Back to Cockroach

Summary

docs/RFCS/20160218_freeze.md

26.1.43.6 KB
Original Source
  • Feature Name: Data/network freeze
  • Status: completed
  • Start Date: 2016-02-18
  • Authors: Ben Darnell
  • RFC PR: #4499
  • Cockroach Issue:

Summary

This RFC outlines the plan for freezing our data formats and network protocols.

Motivation

We currently make backwards-incompatible changes to data formats without providing any means to upgrade without data loss. This will need to stop before beta for obvious reasons.

Detailed design

Freeze plan

The freeze will proceed in several steps.

Stage 0 (pre-beta)

Anything goes; changes to on-disk formats do not require any kind of migration path.

Stage 1: Guaranteed upgrade path (Mar 30, 2016)

In stage 1, we require backwards-compatibility with data written by any previous stage 1 build. It should always be possible to upgrade by stopping all of the old nodes and then bringing up the new version. It's OK at this stage if old and new versions cannot be run concurrently, or if the migration process takes some time (e.g. rewriting all data before the node can start up).

It is acceptable at this stage if the process is somewhat manual (e.g. running some sort of yet-to-be-written backup/restore process and stopping/restarting all nodes at once). However, it is preferable if any migrations are done automatically when a node starts up with an old data directory.

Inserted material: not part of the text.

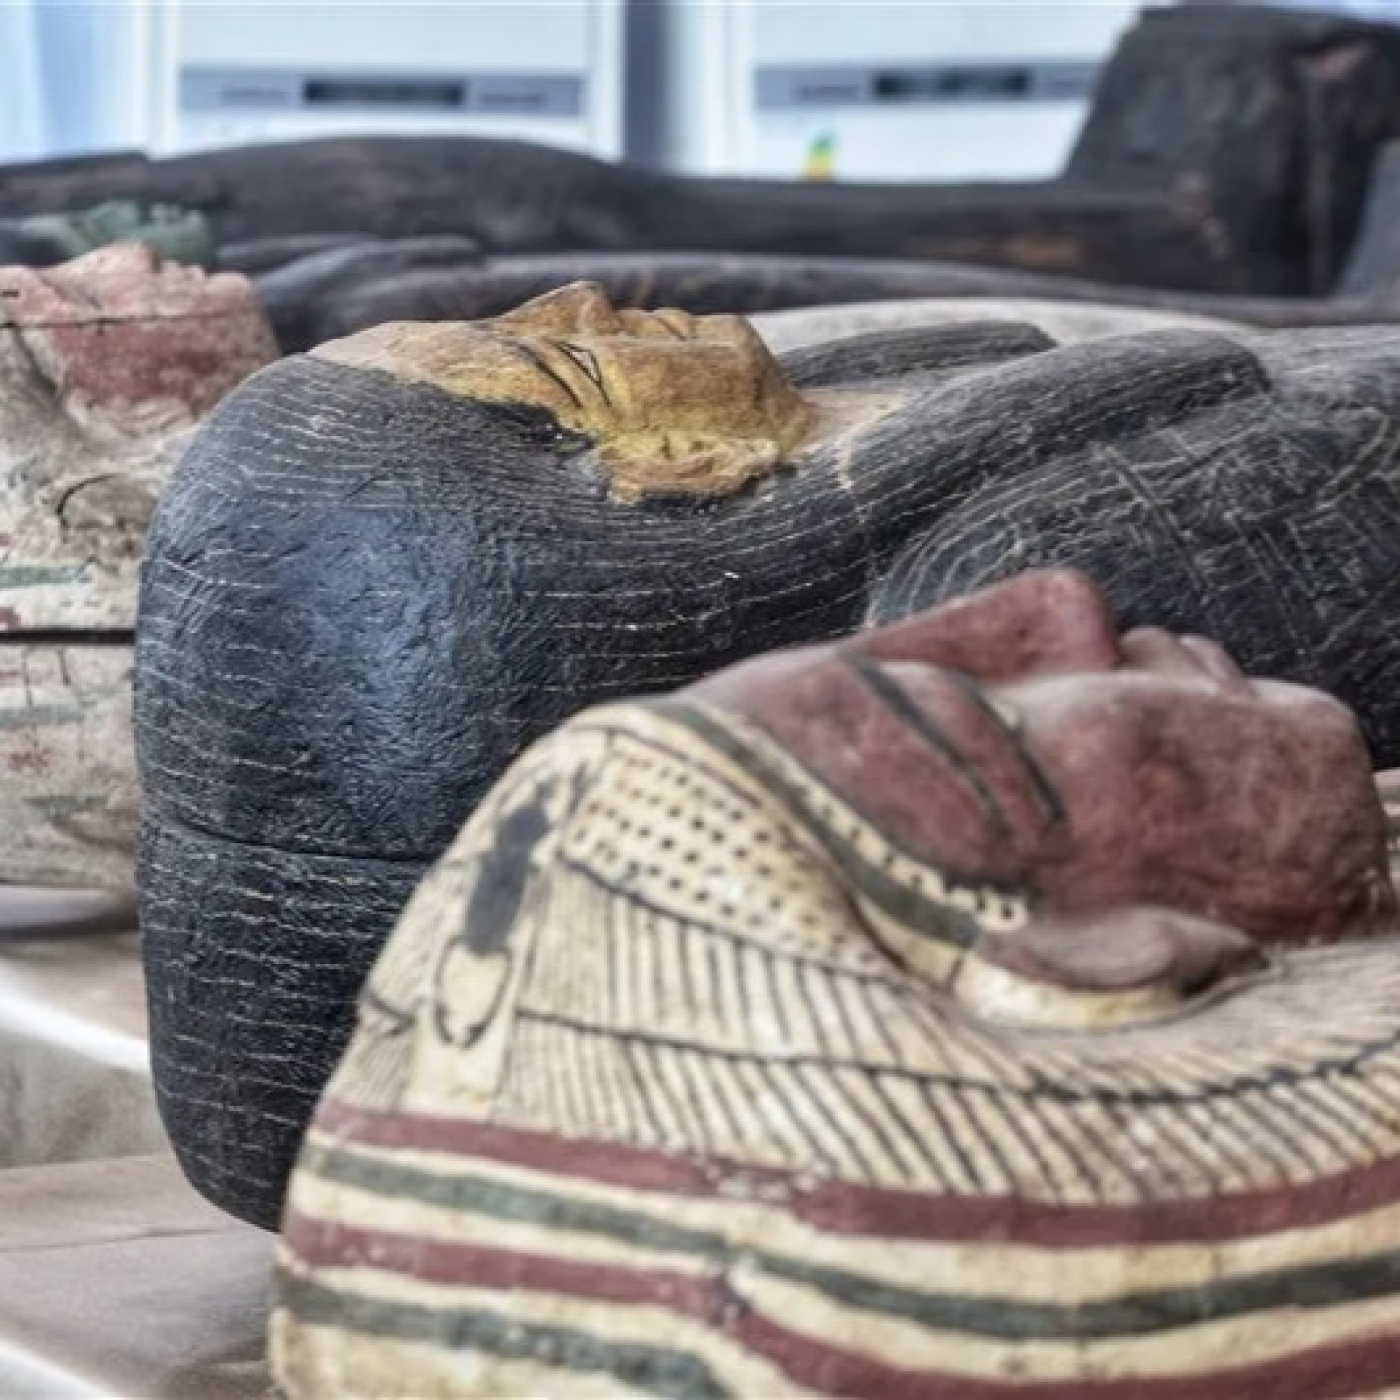 TUMBAS DE EGIPTO, ULTIMAS EXCAVACIONES:1- LAS MOMIAS OLVIDADAS DE SAQQARA #documental #arqueologia #podcast

Stage 2: Online upgrades (Date TBD)

Beginning in stage 2, we require that any upgrade be able to be performed without taking the cluster offline: old and new nodes must be able to coexist. The exact date for this stage is yet to be determined, but will be during the beta period and before 1.0.

Affected code

Any code could potentially be affected by the freeze, but areas that will deserve special scrutiny include:

  • All .proto definitions
  • The packages keys and util/encoding
  • All system tables (defined in sql/system.go)

Migration strategies

It is difficult to come up with a universal migration strategy, since different changes will require different approaches (for example, .proto changes could perhaps be made by rewriting data on disk at startup, while changes to key construction may require the change to be coordinated in a distributed fashion). Therefore we leave the specifics of a migration process until the need arises.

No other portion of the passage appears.